One randomized study examined topical combination therapy with HQ 4%, 0.05% tretinoin, and 0.01% fluocinolone acetonide in blacks, Asians, and Hispanics. No differences were seen in side-effect profile or efficacy among the treatment groups.⁷

In another randomized, controlled trial of HQ 4% versus placebo (n = 48; 4 men, 44 women) in Brazilian patients ages 19 to 55 with melasma, patients applied the product twice daily along with sunscreen. Outcomes were assessed at 12 weeks by subjective clinical evaluation and photography. Greater improvement was seen in the HQ

group (95%) than in the placebo group (67%), and more patients on HQ (38%) had complete clearance versus those on placebo (8%). No adverse effects of HQ were reported.⁸

Figure 9-2 Melasma. A: Baseline. B: After 8 weeks of treatment with triple combination bleach, hydroquinone 4%, fluocinolone 0.01%, and tretinoin 0.05% applied once a day (Triluma). (Courtesy of Galderma.)

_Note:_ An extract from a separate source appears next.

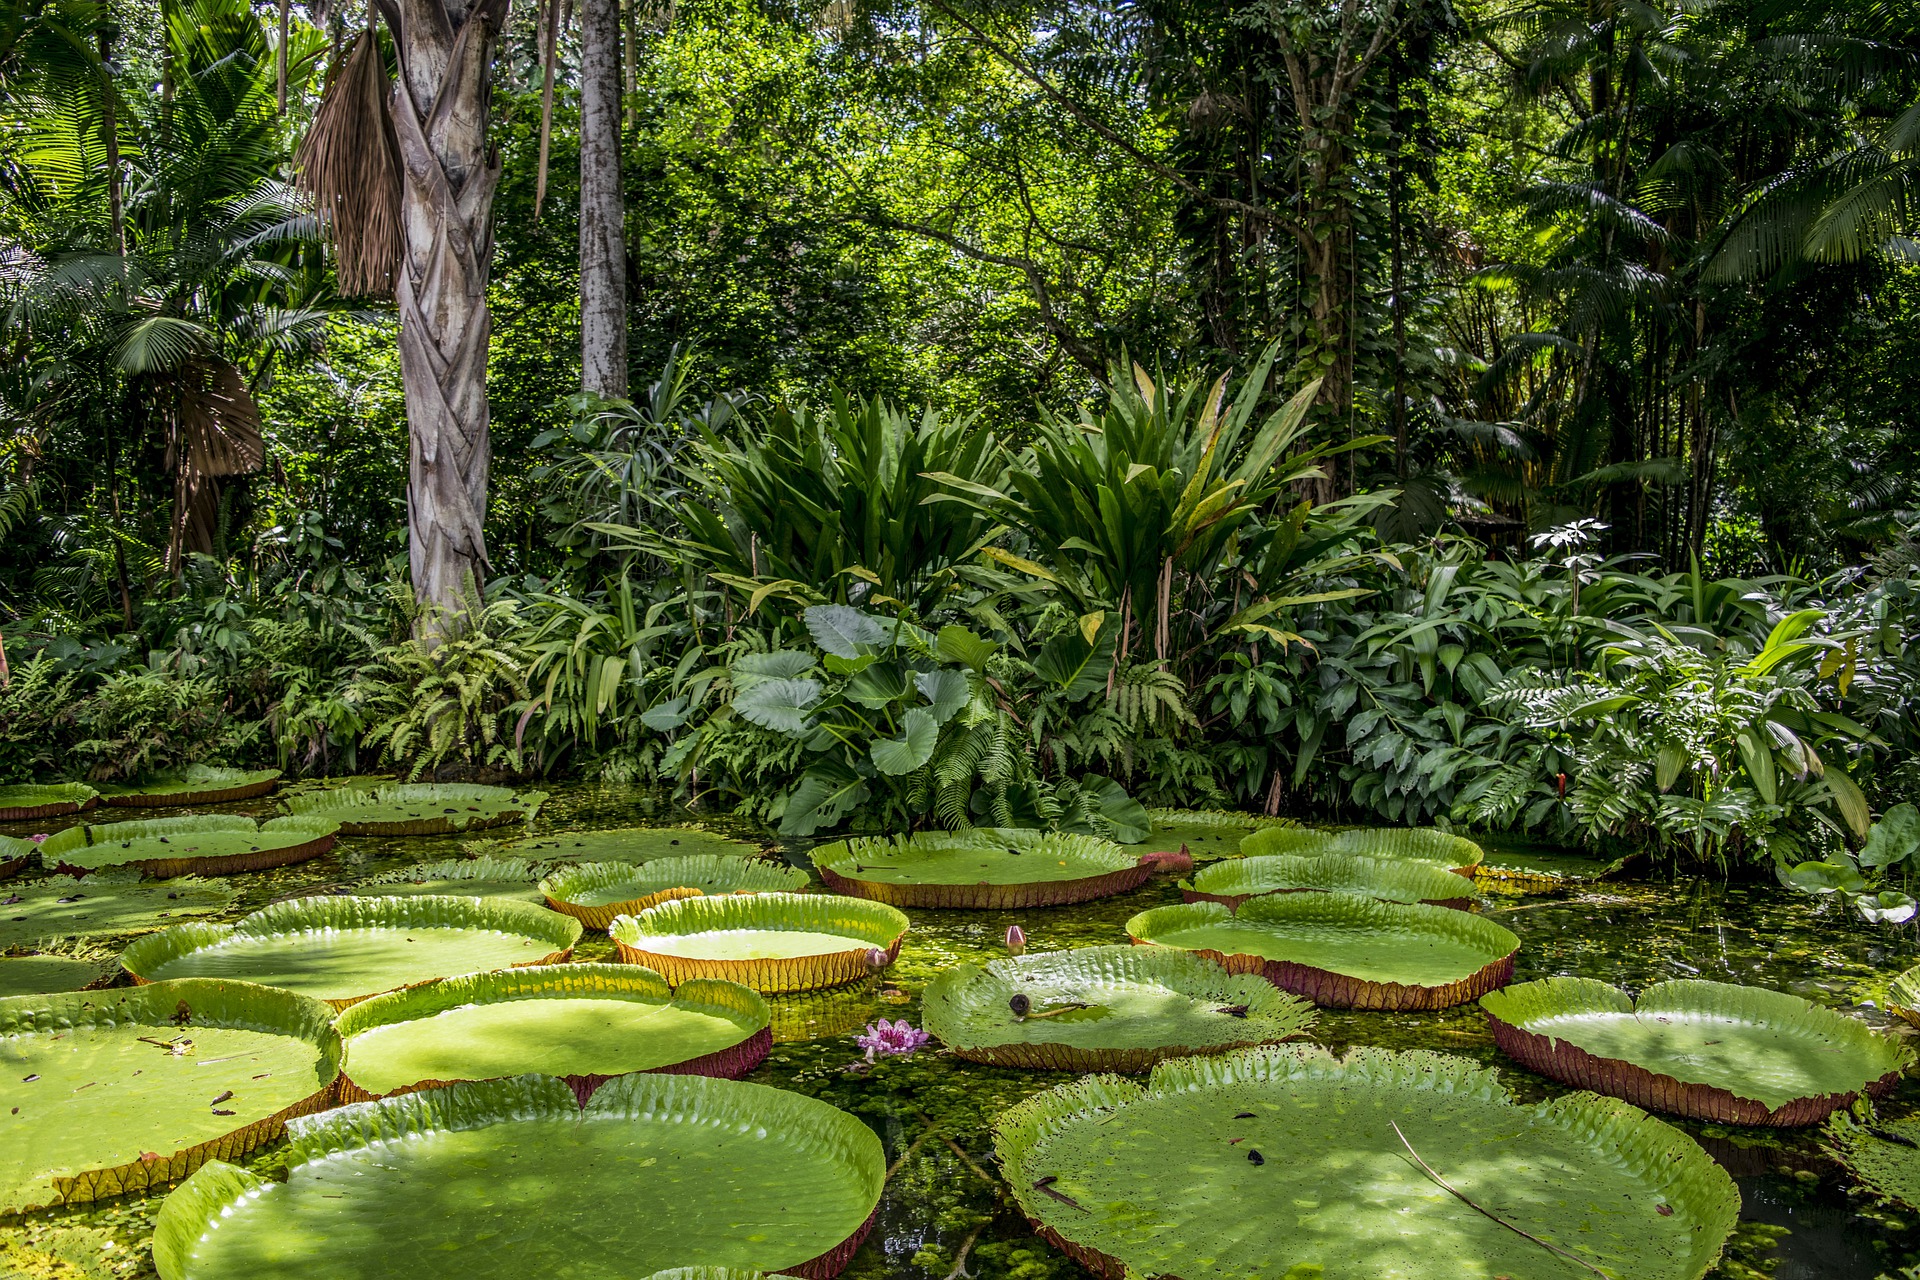 amazon rainforest tourism facts

Figure 9-3 Postinflammatory hyperpigmentation. A: Baseline. B: After 4 weeks of treatment with hydroquinone 4% and retinol 0.15% applied twice daily (Epiquin Micro). (Courtesy of Pearl E. Grimes, MD.)

At this point, it is pertinent to mention that dark-skinned patients often feel they do not need sunscreen and therefore may apply sunscreens only occasionally or at most once daily. Physicians are reminded to address the issue with patients (see Chapter 12).